There is definitely not a shortage of children’s toys available on the market today, but it can still be a challenge to find something that will keep your child engaged and active. And as parents, we would prefer not to break our budget on toys in an attempt to keep our children engaged and entertained.
In this guide, we have listed toys that help exercise the areas of activity that have an important impact on your child’s health.
- Kick Scooter
- Roller Blades
- Trampoline
- Balance Bike
- Karaoke Machine
- Water Slide
The Benefits of Improving your Child’s Fitness
There are many benefits to your child being active. Some of these benefits continue into their teen and adult life, such as developing a healthy habit of putting in the time and effort to exercise weekly. Everybody knows the general reasoning for ensuring your child gets exercise, but the more specific benefits are:
The Three Types of Physical Activity and Their Toys
It is recommended that children receive on average 60 minutes of exercise a day. And there are three main areas of activity that your child should exercise every day. If you would like to track the amount of exercise your child gets or their movements for safety reasons, consider purchasing a smartwatch or fitness watch designed for kids.
Endurance/Aerobic:
Endurance or aerobic activity involves the continuous movement of large muscle groups. It causes your heart and breathing rate to increase, and you work up a sweat. This kind of activity is essential to the strengthening of your heart and lungs.
Kick Scooter
Riding on a kick scooter is a great cardiovascular endurance activity. Your heart rate and breathing are constantly changing depending on how fast your child is kicking and moving. Increasing and decreasing your heart rate and breathing is an excellent way to improve your endurance because you are constantly working your lungs and heart, strengthening the surrounding supporting muscles that help improve the functioning of these organs.
Roller Blades
Roller skating is another great way to improve endurance. It works the same as scootering. Using large groups of muscles to propel yourself forward drives your heart and breathing rate up; therefore, exercising the surrounding and supporting muscles of the organs improves your endurance.

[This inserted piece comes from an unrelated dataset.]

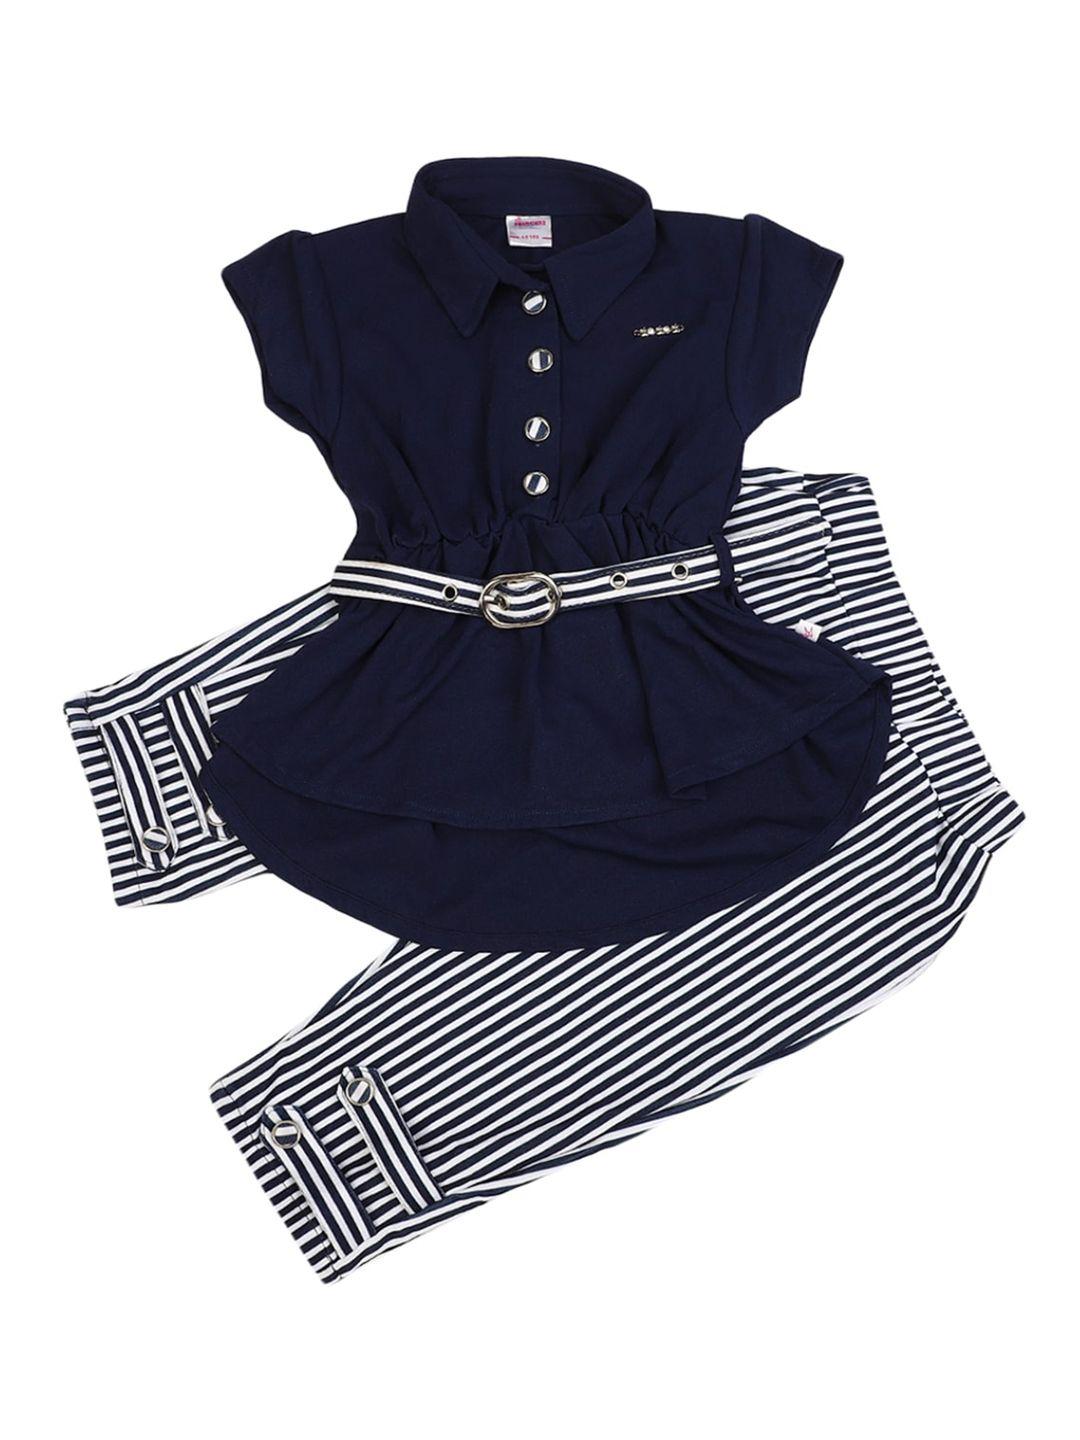 v-mart-unisex-kids-navy-blue-&-white-printed-top-with-shorts
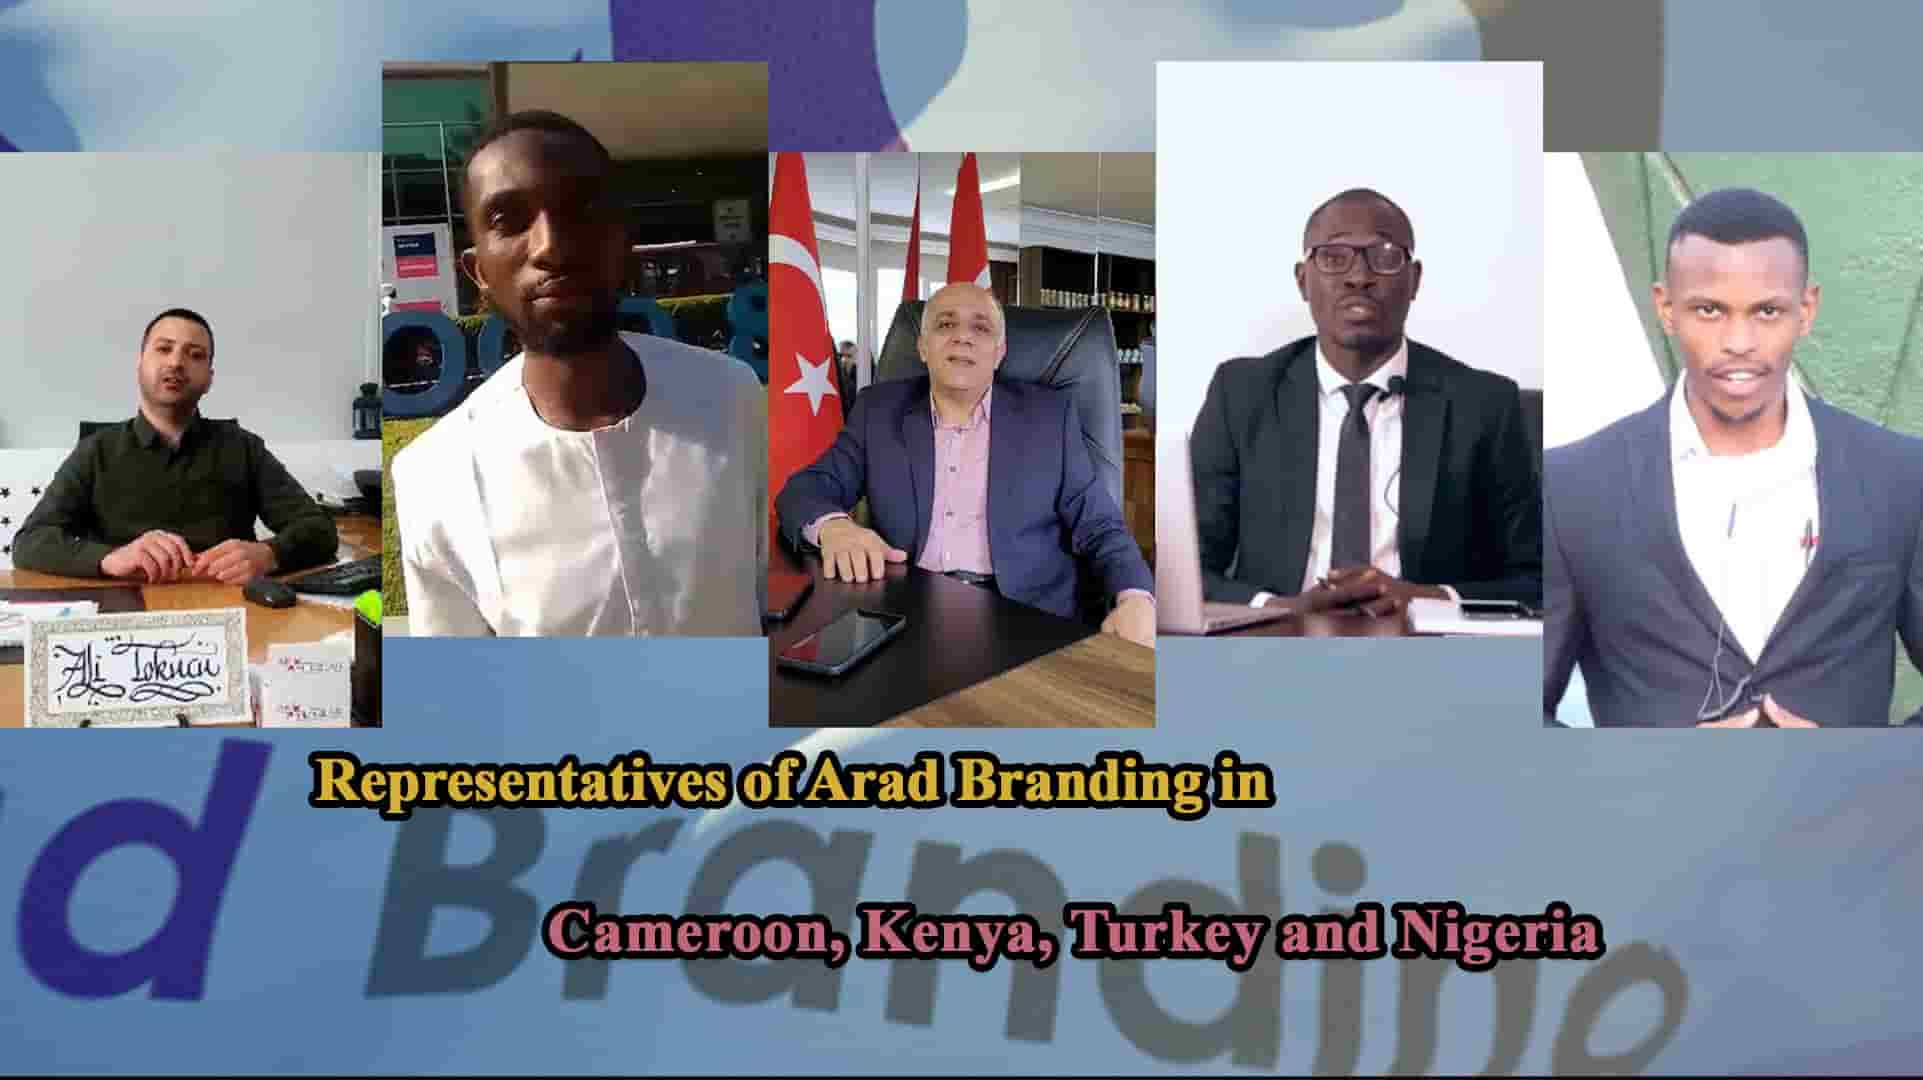 Opening of Arad Branding office in Cameroon + Turkey office activities + New representatives in Nigeria, Turkey and Kenya + We stand until we take our last breath.

Strength/Muscle and Bone Strengthening:
Strengthening your child’s bones and muscles helps with their development and health further down the line. Working against some form of resistance is one of the best ways to improve your child’s strength. Their muscles should be strong enough to handle the daily challenges they will encounter, such as lugging a heavy book bag up a flight of stairs.
Trampoline
A trampoline might seem like an odd thing to suggest just after we’ve told you that the best way to improve muscle strength is by working against some form of resistance. But what you might not know is that when jumping, your child is working against resistance. They’re working against gravity.
To remain balanced in the air, your child has to use all their major muscle groups – back, core arms, and legs. This means that all the major muscle groups are working against gravity to keep your child upright, therefore strengthening the muscles.
Balance Bike
When your child is pushing the balance bike forward, their leg muscles are actively working against the resistance from the friction of the road, and their core muscles are activated to remain balanced. Therefore both the large muscle groups in the legs and core are being strengthened. One of the smaller muscle groups that also get exercised is the muscles in your hands and feet. It might not be noticeable, but strengthening these muscles can improve your child’s fine motor skills and ankle strength.
Flexibility:
Flexibility is a vital activity for your child to practice. Flexibility helps maintain and lengthen muscle length, and it helps prevent the shortening or stiffening of muscles, which helps reduce the risk of injury. It encourages strong muscles and bones, improves mobility, muscle coordination, and good posture.
Dancing
Dancing is a fun way to improve your flexibility. Before and after every dance session, your child will have a stretching session. While dancing, your child will continue to stretch their muscles. As the stretches and dance moves become easier, your child will be able to go further into each action, eventually permanently lengthening their muscles and improving their flexibility. If you don’t want to pay for dance lessons, consider purchasing a karaoke machine or Bluetooth speaker so your child has music they can dance and stretch to.
Active Play on a Playground
The running, climbing, falling, and jumping involved in active play encourage the muscles to expand and contract while activated. While their muscles are expanded, they are being stretched. Continually expanding their muscles will improve their flexibility and mobility. If you have the luxury of having a yard and live a distance from a park, consider purchasing a small jungle gym or water slide to encourage your kids to play outside actively.